Statistical analysis. Data were expressed as medians (25th-75th percentiles) or n (%). A statistical comparison of differences among the three groups was evaluated using the Kruskal-Wallis test or chi-square test. Multivariate logistic regression analyses for stroke severity on admission and functional outcomes at discharge were performed after adjusting for CHF, hypertension, diabetes, prior stroke or TIA, and OAC treatment.
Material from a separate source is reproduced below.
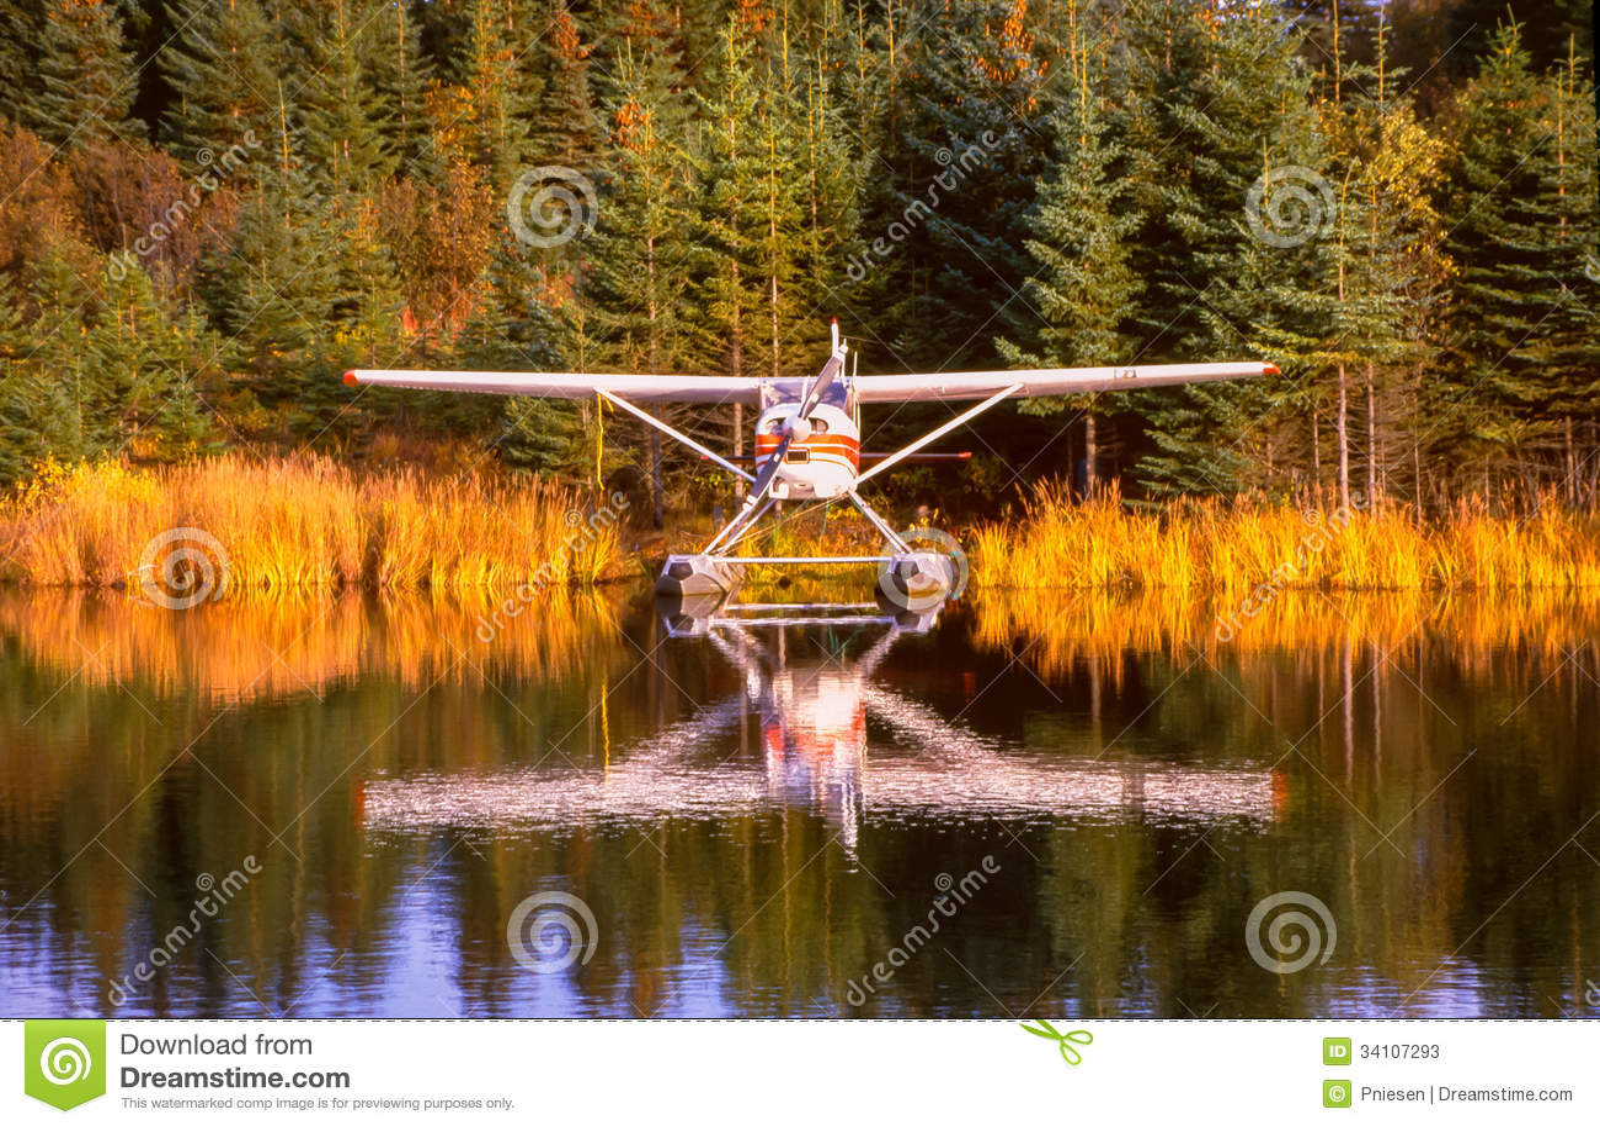 Fall Foliage Hd Wallpaper Alaska Float Plane Moored At Dock Amid Foliage Reflections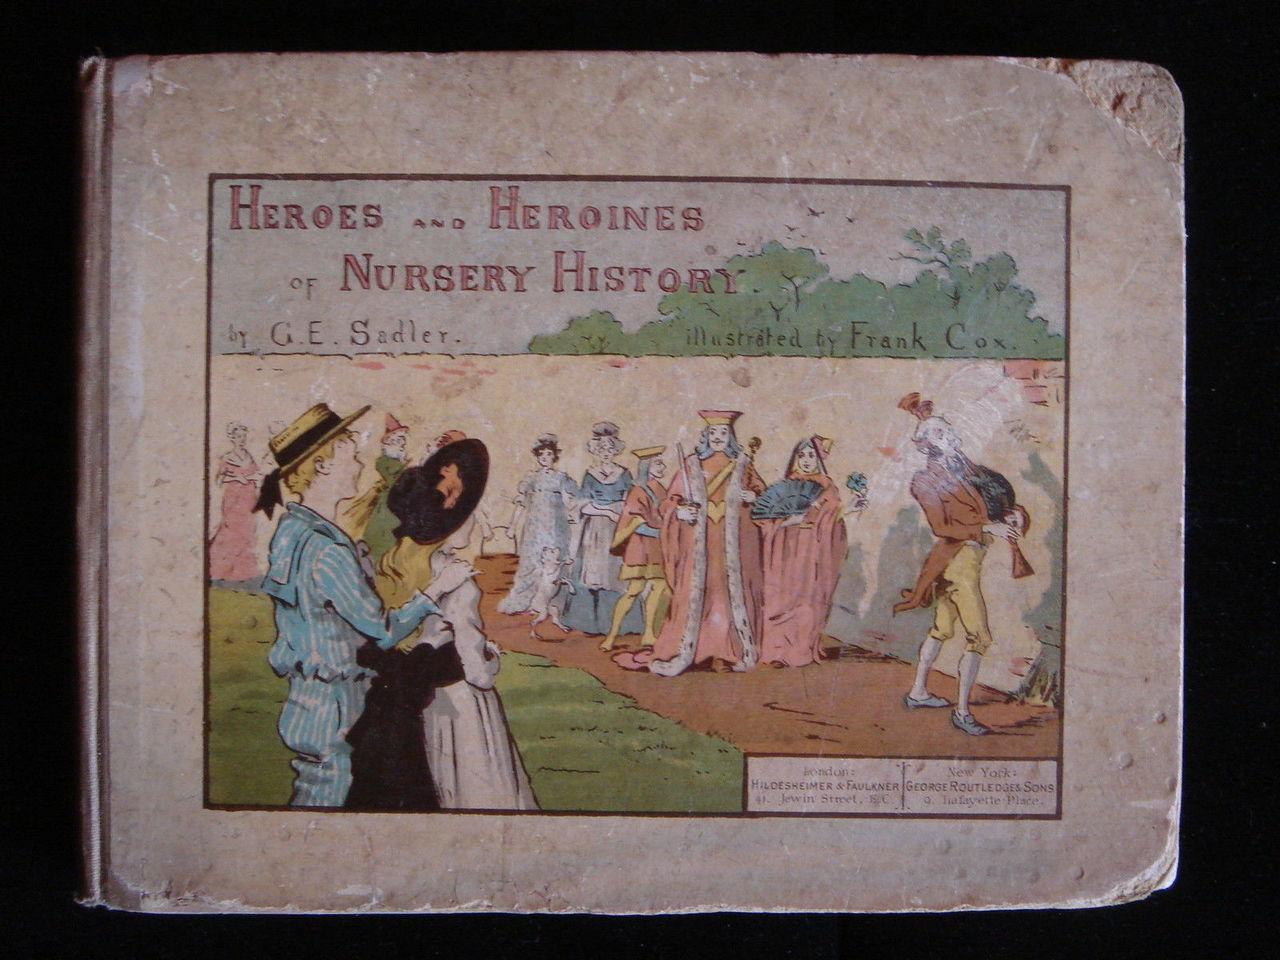 Heroes and Heroines of Nursery History G.E. Sadler Frank Cox 1884

Statistical analyses were performed using JMP Pro 15 (SAS, Cary, NC, USA). p-Values of less than 0.05 indicated statistical significance.
Results
Patient profiles. The patient profiles in each group are summarized in Table I. The median age was 86 (82-89), 83 (79-87), and 76 (69-81) years in the L-CCr, M-CCr, and H-CCr groups, respectively (p<0.0001). The proportion of males and body weight were lower in the L-CCr group than those in the other groups (p<0.0001). The proportion of patients with CHF and vascular disease was higher in the L-CCr group than in the other groups. The proportions of patients with hypertension, diabetes mellitus, prior cerebral infarction or TIA, and dyslipidemia were not different among the three groups. The CHADS2 and CHA2DS2-VASc scores were higher in the L-CCr group than in the M-CCr and H-CCr groups (p<0.0001). The proportion of antiplatelet use was similar among the three groups. Moreover, no differences in OAC treatment before stroke onset and rt-PA thrombolysis were observed among the three groups.
Comparisons of stroke severity on admission and functional outcomes at discharge. Stroke severity on admission was assessed using the NIHSS score. The patients in the L-CCr group had higher NIHSS scores than those in the M-CCr and H-CCr groups [14 (6-23) vs. 13 (5-20) and 8 (3-17), respectively; p<0.0001 by the Kruskal-Wallis test] (Table II). Multivariate logistic regression analysis of the NIHSS scores (≥8) on admission showed that the M-CCr and L-CCr groups differed significantly [odds ratio (OR)=1.68, 95% confidence interval (CI)=1.17-2.36; p=0.004, and OR=2.38; 95%CI=1.34-4.24; p=0.003, respectively], when the H-CCr group was used as a reference after adjusting for hypertension, diabetes mellitus, CHF, prior cerebral infarction or TIA, and OAC treatment before stroke onset (Table III). Regarding functional outcomes at discharge, assessed using the mRS, patients in the L-CCr group had the worst prognosis, followed by those in the M-CCr and H-CCr groups [4 (2-5), 4 (1-5), and 2 (1-4), respectively; p<0.0001] (Table II). Multivariate logistic regression analysis of the mRS scores (≥3) at discharge showed that the M-CCr and L-CCr groups differed significantly (OR=2.39; 95%CI=1.67-3.42; p<0.0001 and OR=3.27; 95%CI=1.84-5.79; p<0.0001, respectively), when the H-CCr group was used as a reference (Table III). Mortality was relatively higher in the L-CCr group than in the M-CCr and H-CCr groups, although there was no statistical significance (14%, 10%, and 7%, respectively; p=0.19) (Table II). The M-CCr group had the longest period of hospitalization, followed by the L-CCr and H-CCr groups [79 (20-121), 69 (24-114), and 53 (15-99), respectively; p=0.005] (Table II).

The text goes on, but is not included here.